Il y a pourtant des pistes à explorer. Un autre terme fréquemment associé à la modernisation politique et à la transparence est la légitimité. Selon Max Weber, le roi tire sa légitimité de la tradition. Éventuellement de son charisme (d’où l’intérêt de la modernisation de l’image de Philippe) également. Certes cela tient encore fort de l’ancien régime, mais ceux qui souffrent sans doute du plus grand déficit de légitimité aujourd’hui font partie de l’entourage du roi, notamment son chef de cabinet dont la nomination est laissée à la discrétion du roi. De par son influence (imaginaire ou réelle) sur le roi et sur le cours des affaires politiques, particulièrement en cas de formation gouvernementale, sa nomination gagnerait à être plus transparente, quitte à ce que cela soit synonyme de… nomination politique au même titre que l’administrateur délégué de la SNCB. Force est de constater que l’entourage du nouveau roi ne donne pas de grands gages de modernisation. Tout au plus est-il un peu moins francophone et chrétien[2.Pour l’anecdote à propos de la communication, le couple royal qui orne le bandeau du site www.monarchie.be est toujours, 3 semaines après l’abdication, constitué d’Albert et Paola].

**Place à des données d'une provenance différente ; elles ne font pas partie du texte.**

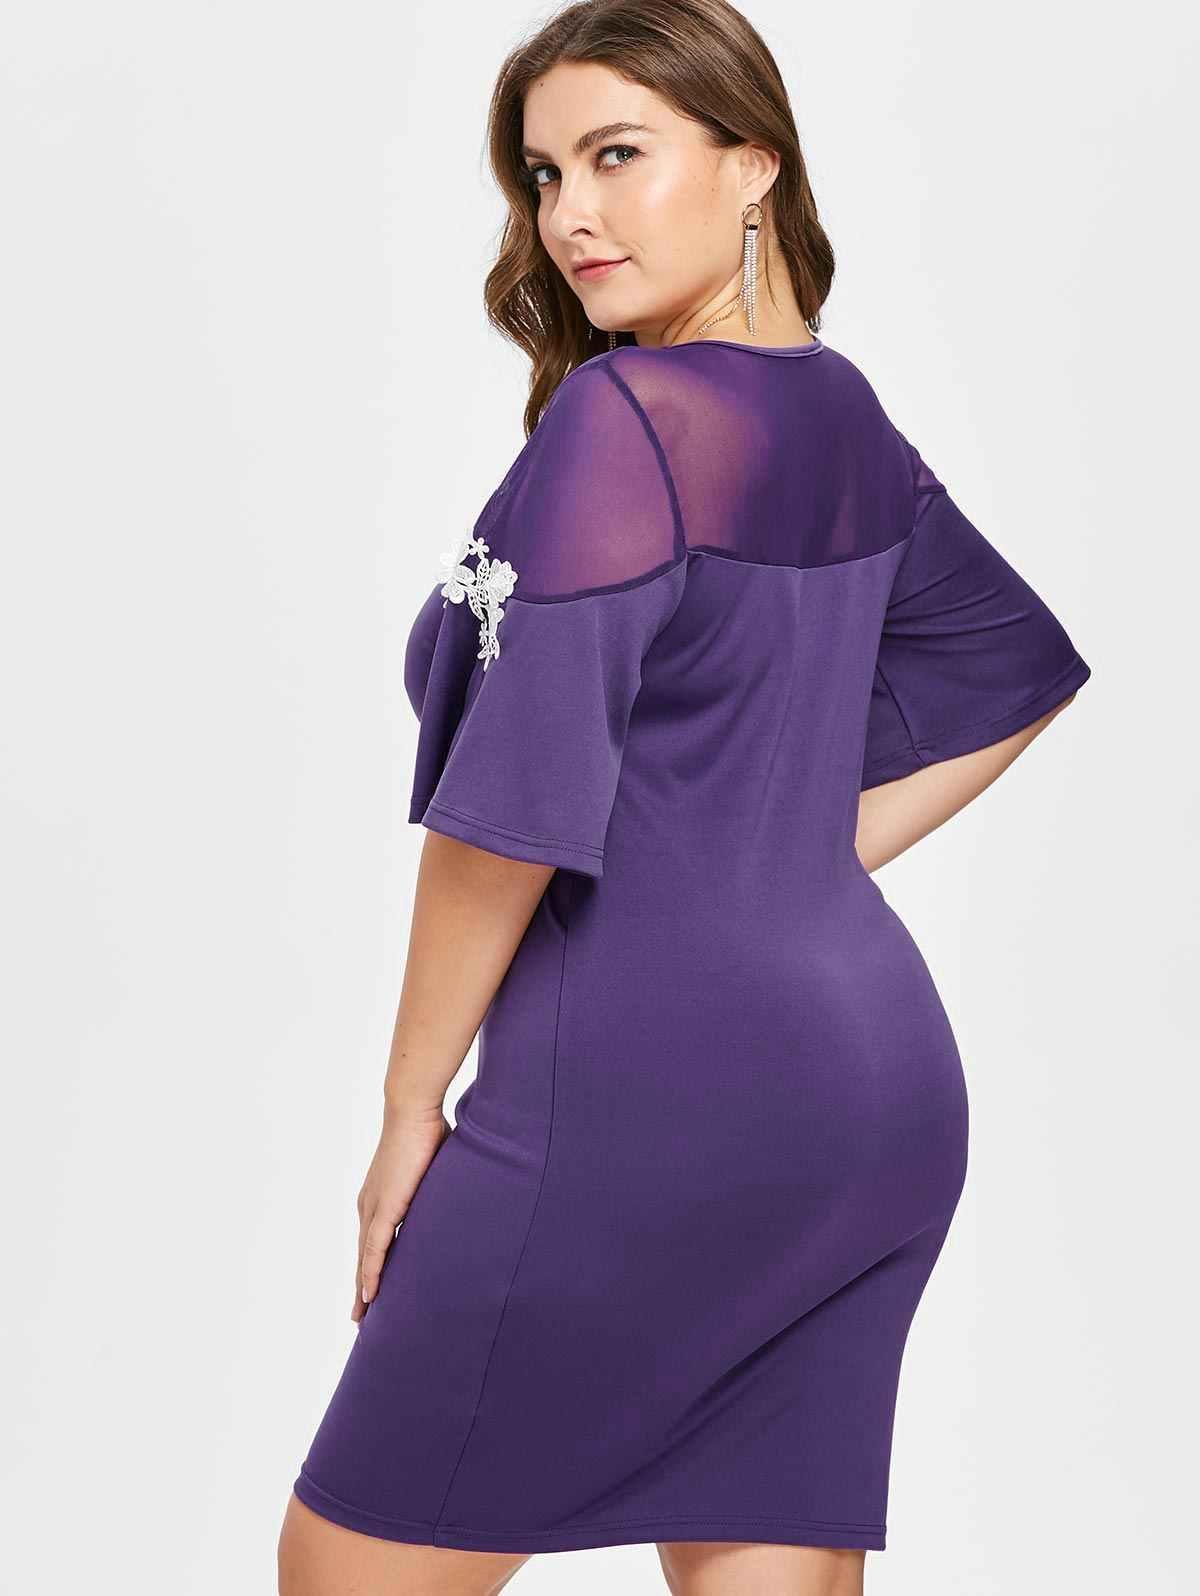 Wisalo женское плюс размер 5XL аппликация рукав колокол приталенное платье с v-образным вырезом с коротким рукавом повседневное однотонное облегающее платье вечерние платья

Deux fois par an, le roi s’expose lors du traditionnel discours à l’occasion de la fête nationale et lors du discours de Noël. Contrairement au Royaume-Uni où le chef de l’État lit d’une voix monocorde le discours préparé par le Premier ministre, en Belgique, le roi rédige lui-même son texte qui devra ensuite être validé par le chef du gouvernement. Depuis 1831, les pouvoirs du roi se sont estompés à un point qu’aujourd’hui, dès que le discours royal se veut un peu politique, on se demande s’il ne s’agit pas purement et simplement des mots du Premier ministre. Un vent nouveau pourrait souffler sur cette institution dans l’agenda médiatique en jouant clairement cartes sur table, ce qui éviterait aux commentateurs de devoir spéculer et prêter des intentions.

À côté de ces changements, on pourrait encore rompre avec de réelles pratiques de l’ancien régime, à savoir les anoblissements, mais aussi s’interroger sur l’intérêt de nommer des ministres d’État et supprimer le Conseil de la couronne. Mais finalement, il s’agirait de modernisation cosmétique, symbolique. La vraie modernisation est celle que plus aucun parti francophone n’ose évoquer, à savoir la suppression de la monarchie, prétextant le rôle central du roi lors de la formation des gouvernements. Sans doute transparaît-il dans cette position un traumatisme lié aux 540 jours de crise de 2010-2011. Toujours est-il que, aujourd’hui, l’ensemble des partis et des observateurs politiques attendent Philippe au tournant. Aucune erreur ne devrait lui être pardonnée au lendemain des élections de mai 2014. S’il relève le défi, il est probable que la modernisation ne figure plus à l’ordre du jour. S’il échoue, la question ne devrait même plus se poser.